I read this book, simply because it was referenced in something else I was reading (I can’t remember what, clearly that had less of an impact, but I remember it was something about a spider and it referenced the essay “April in Paris”).
I didn’t really know what to expect as I downloaded the book on to my iPad, but as I started reading I was met with a series of essays about excerpts and musings from Sedaris’ life.
You are swiftly introduced to an insight in to his childhood, drug abuse, various jobs, his travels and much more. High in humour and an ability to interpret his life succinctly which makes the read uplifting and welcoming. I instantly warmed to the style of writing. It comes across as if you are chatting to an old friend, who is regaling you with his past.
The essays do jump around a little bit, but this just adds to the feeling someone just telling you about themselves.

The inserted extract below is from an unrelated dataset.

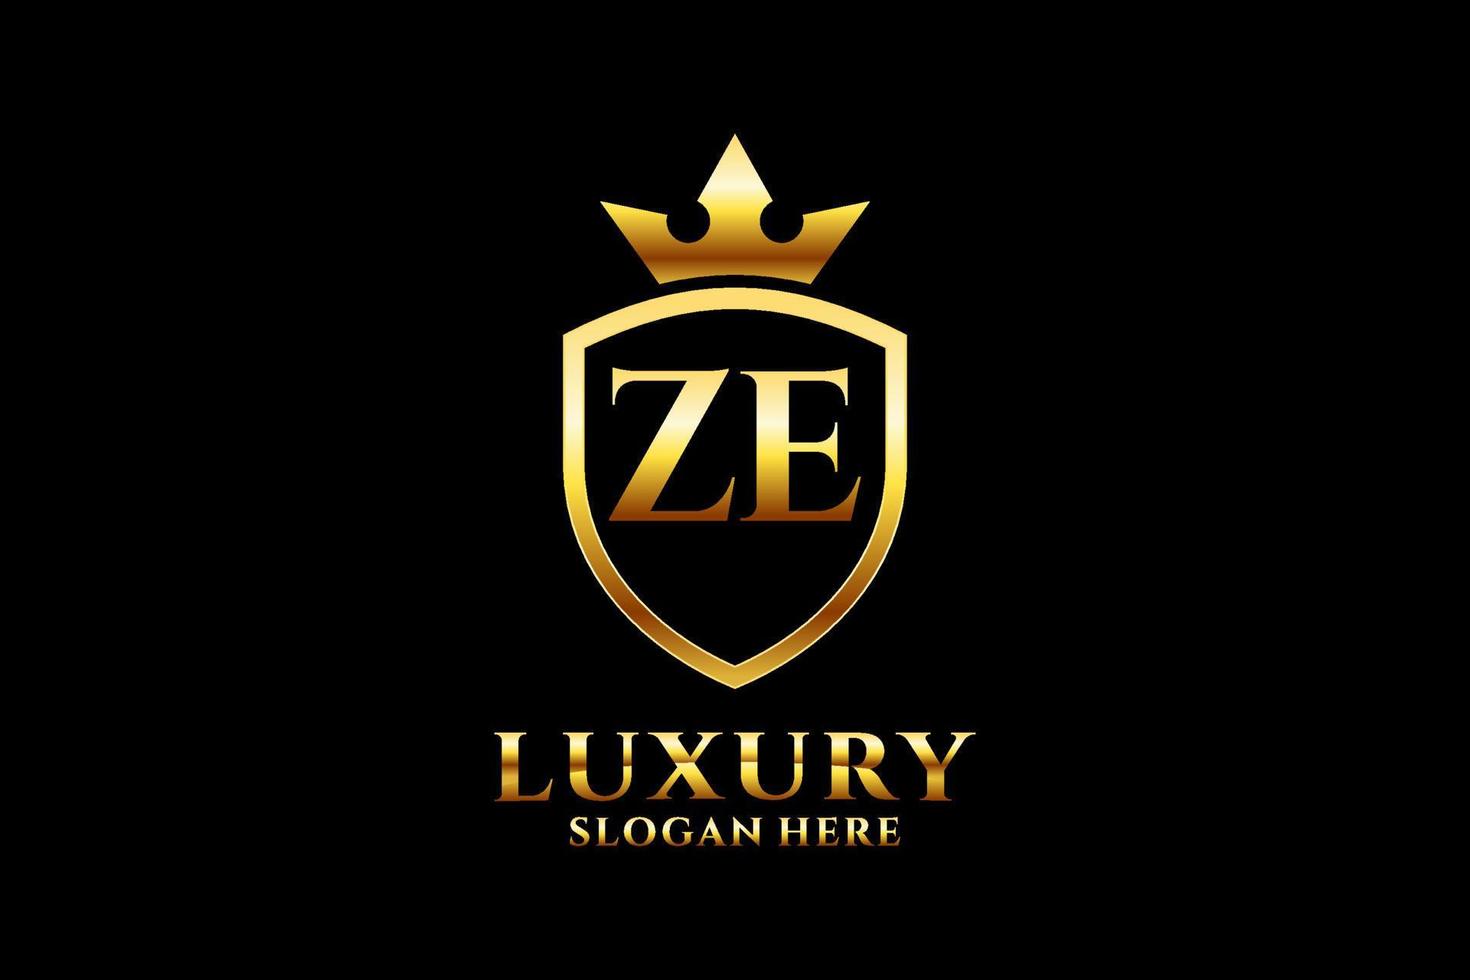 logo monogramme de luxe élégant initial ze ou modèle de badge avec volutes et couronne royale - parfait pour les projets de marque de luxe vecteur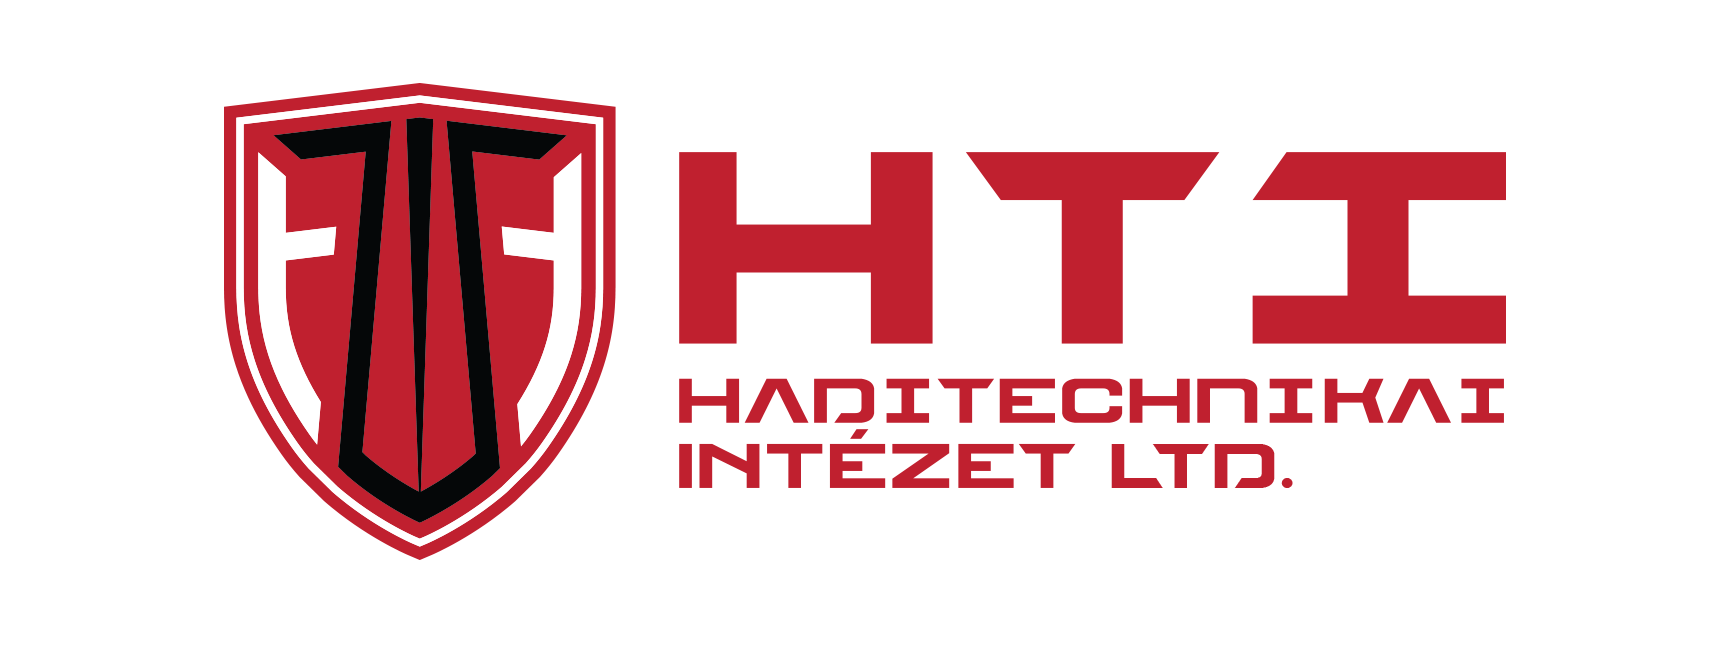 HTI Ltd.

I love reading about his relationship with his partner Hugh. This particular book has quite a focus on Hugh. I particularly like “keeping up” where Sedaris talks about how Hugh walks much quicker than he does and he is constantly trying to keep up. I also really like “Memento Mori” where he decides to buy Hugh a skeleton.
The humour within each essay is so matter of fact it verges on dead pan, and I am not ashamed to say that after reading this book I went out and brought several others, including “Let’s explore diabetes with owls”.
Now, I have read many reviews of Sedaris’ writing (I think I may have a literary crush) and it ranges from many people who love his writing to those who feel if you have read one of his books you have read them all. Which leads me to the conclusion that he may be a little bit like marmite. You either love him or you’re fairly ambivalent to him. So, all I can suggest is pick up this one as I think it is a great way to introduce yourself to his style and see what you think.